Conserved TF positions within networks

We next asked to what degree the position of a specific TF within a given network motif circuit was conserved between mouse and human. To analyse this, we focused on FFL and RM circuits, as these are both strongly conserved overall and have a clear top-down hierarchical organization (Fig. 5a, b). Computation of the propensity for each TF (of 586) to occupy each of the nodes within these network motifs revealed that the preferred position of a given TF within FFL and RM circuits is strongly conserved between orthologous human and mouse cell types (Fig. 5c, d). It also revealed conserved preferential positioning of entire classes of TFs within particular network motif positions. For example, TFs with ubiquitous cellular functions such as CTCF, SP1 and NRF1 systematically localize within the driver positions of FFL and RM circuits (Fig. 5c, d), while TFs involved in cell lineage fate decisions (for example, SOX2, NFE2 and FOXP3) preferentially localized within the final passenger positions (Fig. 5c, d and Extended Data Fig. 7a, b). We also found the passenger edges of FFL and RM motifs to be significantly more cell-selective than the driver edges (Extended Data Fig. 7c, d). These findings raise the possibility that one of the major functions of conserved mammalian network motifs may be to stabilize the expression of TFs that drive cell-type-specific regulatory programs via exploitation of stable cell-ubiquitous regulatory interactions.

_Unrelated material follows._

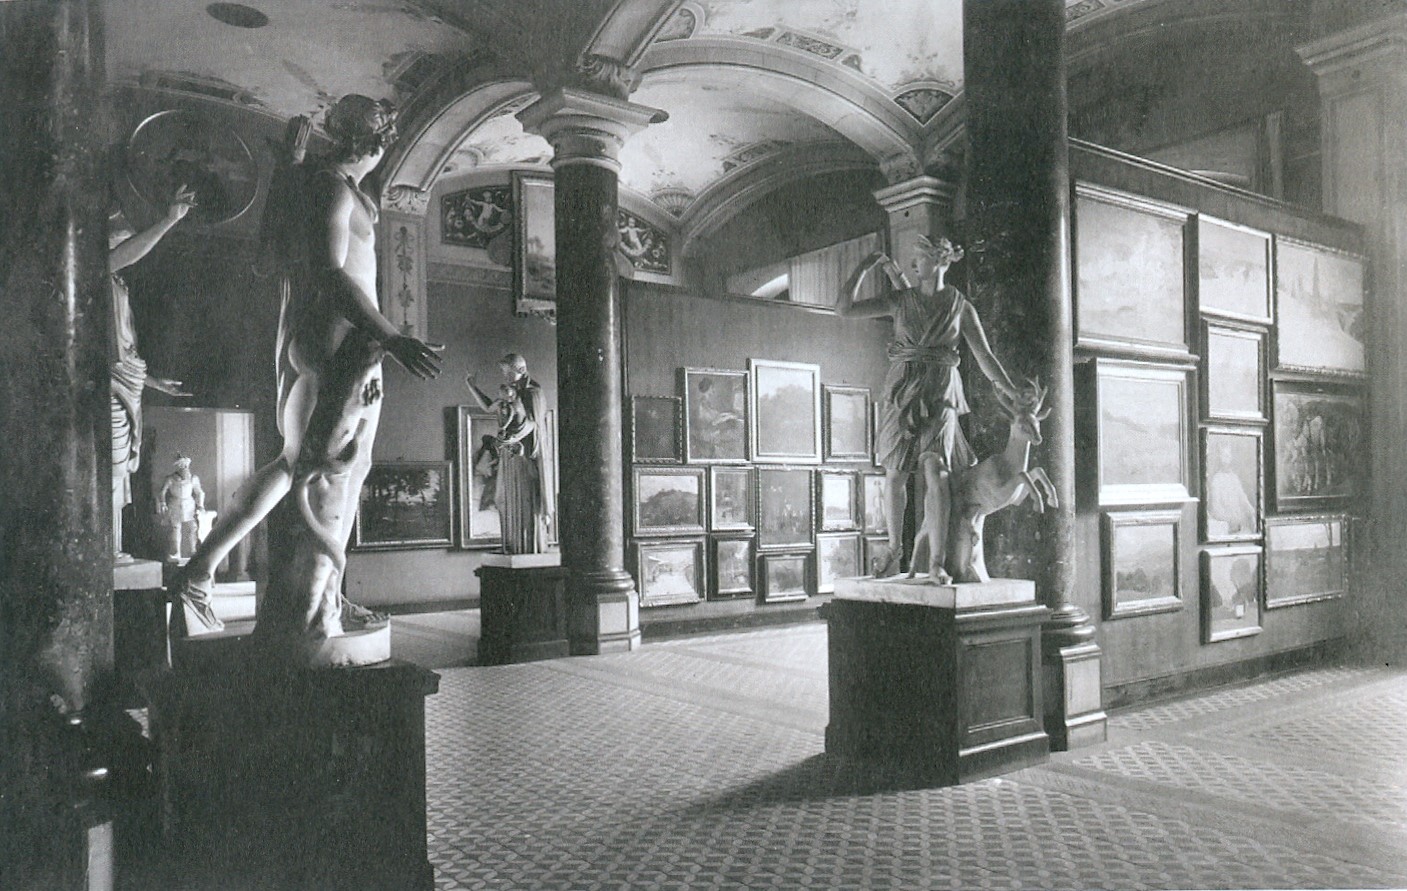 historische Fotografie des Feuerbachsaals, auf der Stellwände mit Gemälden sowie Skulpturen zu sehen sind

A conserved developmental program

To explore how the TF regulatory network interacts with downstream non-TF structural/effector genes and to test for conserved interactions, we first quantified, for each TF, whether it preferentially regulates another TF gene(s) or a non-TF ‘structural’ gene(s) across different mouse and human cell types (Extended Data Fig. 8a). This parameter varied widely between different TFs; in general, TFs involved in development state specification such as HOXB1, OCT4 and SOX2 preferentially regulated other TF genes, while general transcriptional regulators such as NRF1, CTCF and SP1 preferentially regulated non-TF genes (Extended Data Fig. 8b, c). To test how these preferences varied by cell type, we averaged TF gene versus structural gene propensities for all TFs within each cell-type regulatory network. This revealed that the TF networks of pluripotent and early developmental cell types and tissues such as ES cells and fetal brain were globally significantly more oriented towards regulation of TF genes compared with the TF networks of more highly differentiated cell types (for example, B cells, T cells) and tissues (for example, adult brain) (Extended Data Fig. 8d). These TF versus structural gene preferences—both at the individual TF level and at the cell-type regulatory network level—were strongly conserved between mouse and human (Extended Data Fig. 8d, e). The above findings suggest the operation of a conserved global developmental regulatory program that directs a shift in the orientation of TF regulatory networks from TF genes to structural genes during the transition from primitive to definitive cells.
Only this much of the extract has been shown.